WORK REQUEST: Transcribe all of the data exactly. Omit the pictures.

INFORMATION SHOWN:
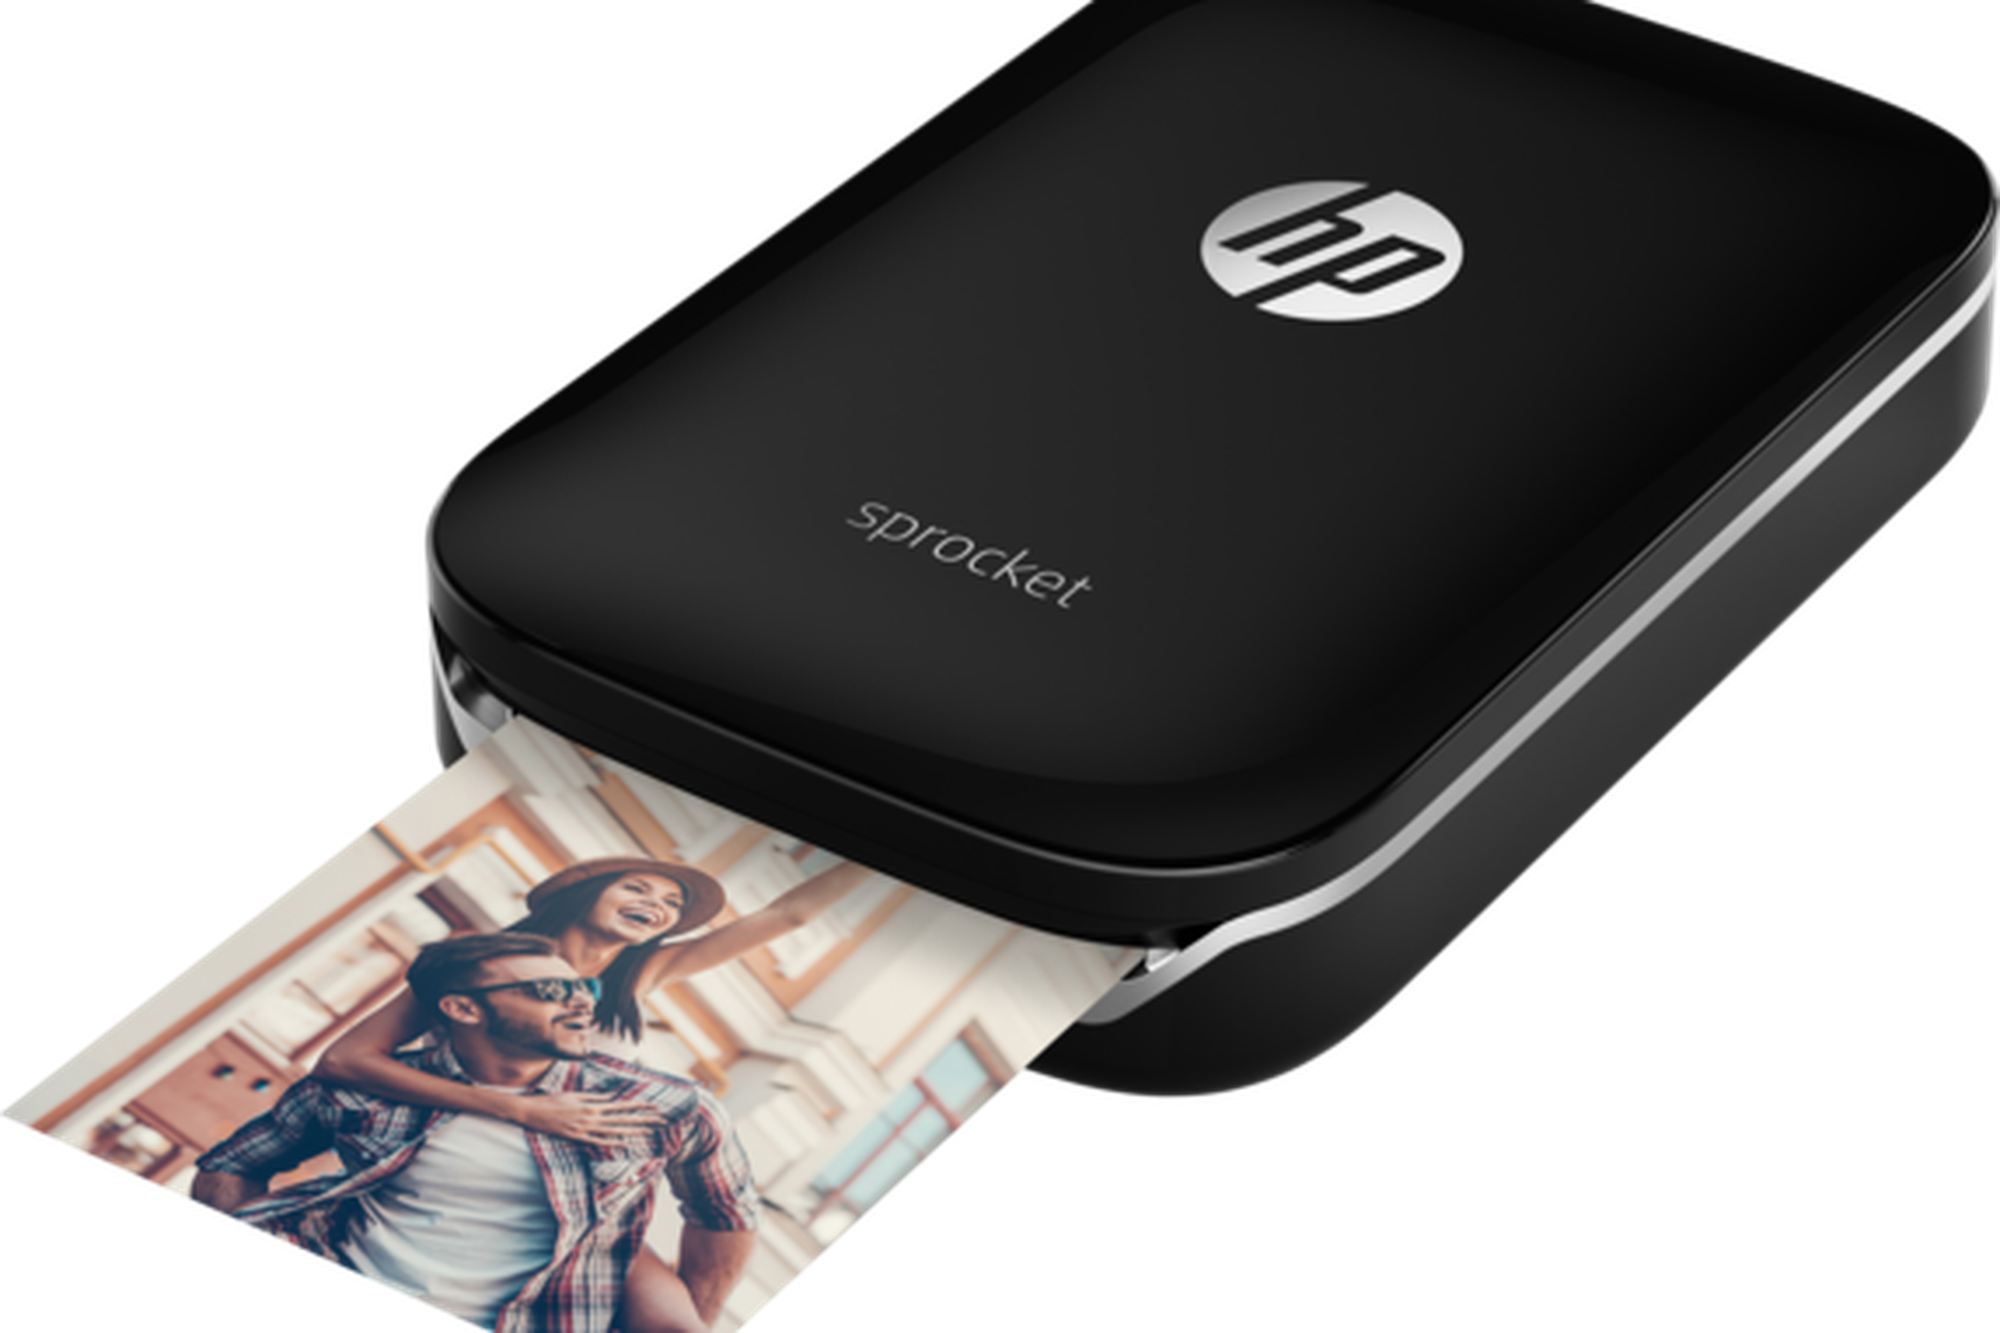 HP's Sprocket might not be the best instant printer, but definitely the most fun - The Verge
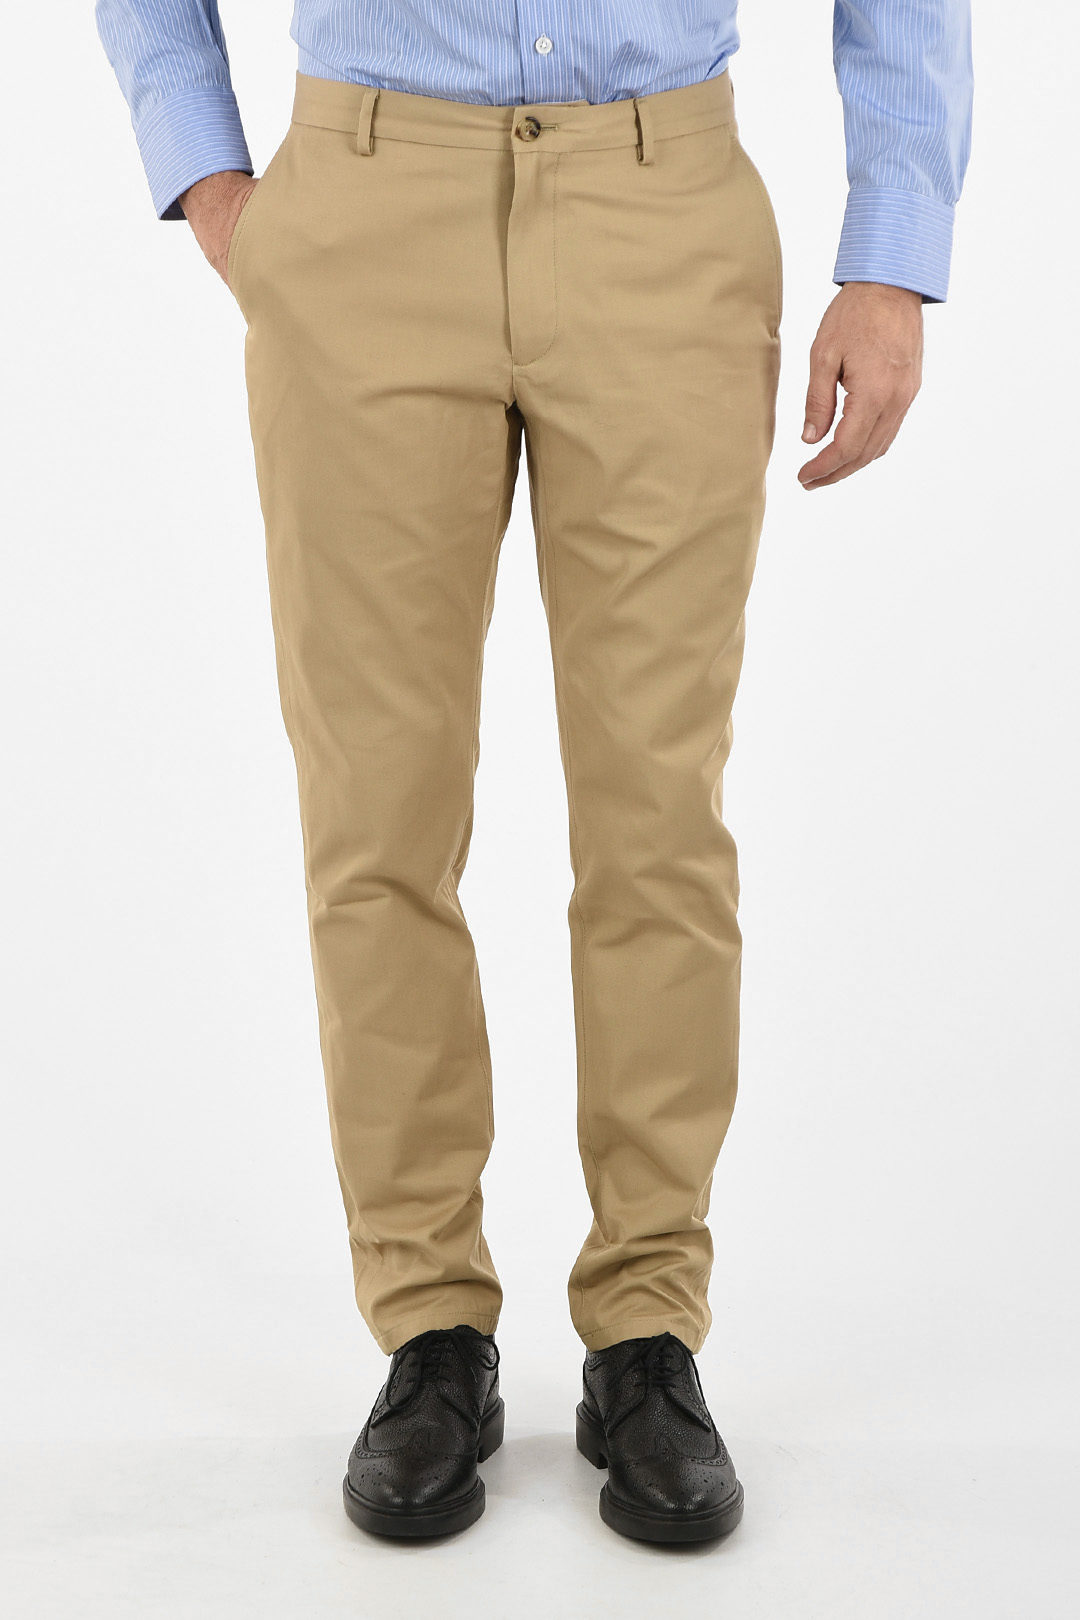 Burberry Chino Pant men - Glamood Outlet
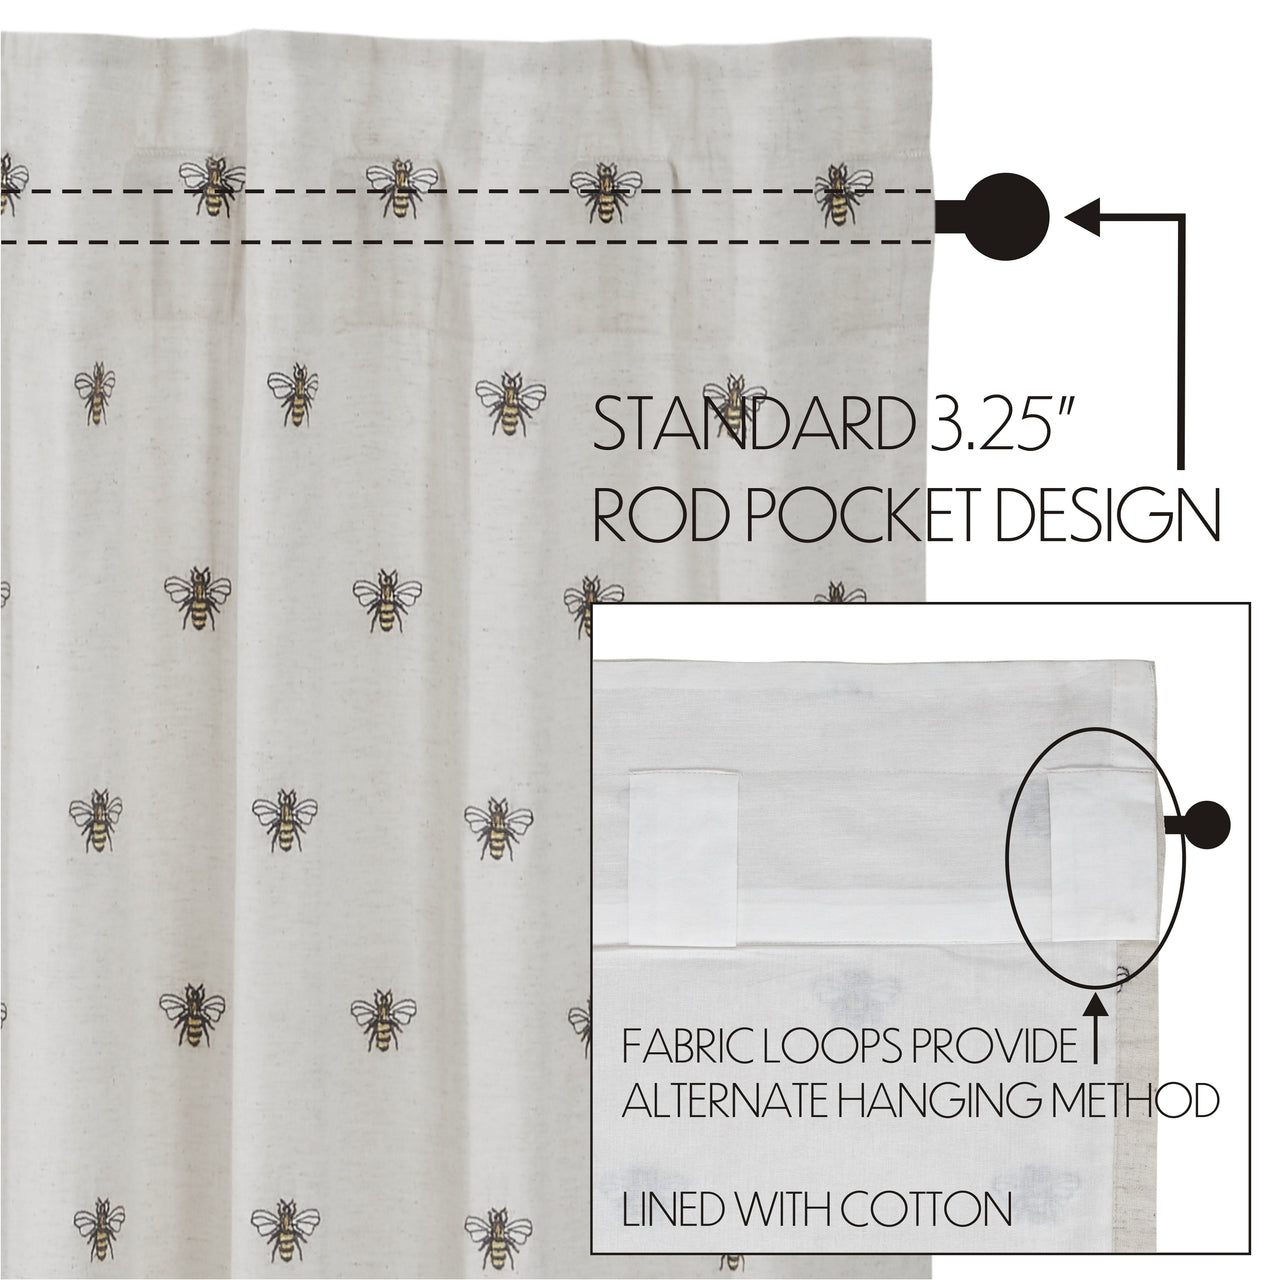 Embroidered Bee Tier Curtain Set of 2 L24xW36 VHC Brands

ANSWER SPACE:
 HP's Sprocket might not be the best instant printer, but definitely the most fun - The Verge
 Burberry Chino Pant men - Glamood Outlet
 Embroidered Bee Tier Curtain Set of 2 L24xW36 VHC Brands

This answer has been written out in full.